In this case, the division between the two cases is extremely good: for each class, a large majority of the items is correctly classified. This should be expected, as we are contrasting very different situations. In fact, many algorithms obtain over this level their best performance with respect to the other two, more difficult, risk stratification levels.
Finally, we take into account the third risk stratification level, in which normotensive and prehypertensive cases are considered together, and are contrasted against the items contained in both Hypertensive classes.
Table 9 shows the findings obtained by Random Forest, which is the best-performing classification algorithm for this risk level.
In this case, we have that the items in the NT + PT group are almost perfectly classified: 98.28% of these items are exactly considered, and just 1.72% of them are wrongly assigned. For the HT group, instead, things are not as good as for the first group, as just 50.80% of them are classified correctly.

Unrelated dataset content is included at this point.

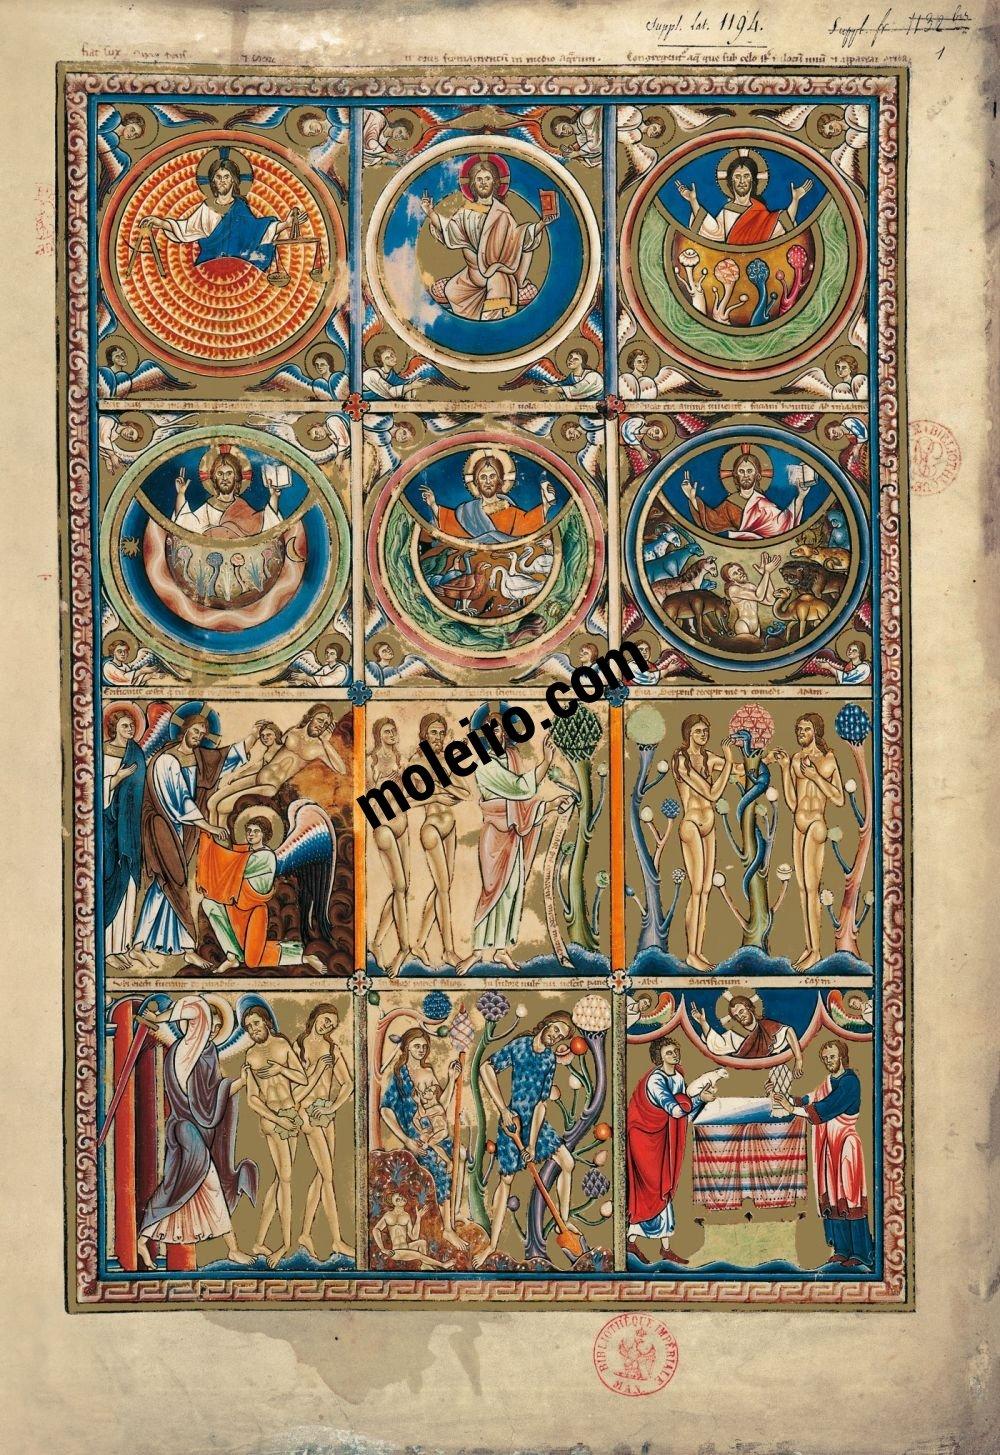 Psalterium f. 1r, Szenen der Alten Testaments: die Schöpfung

This is not surprising because the difference between prehypertensive and Hypertensive is, in many cases, low. This has an impact on the results. If we consider the second level of risk stratification, the algorithms could easily discriminate between normotensive and Hypertensive. Adding the prehypertensive to the normotensive, instead makes things much more complicated for all the classification algorithms. This is also favored by the fact that the former group is much more numerous than the second, as it has already been discussed for the first risk stratification level.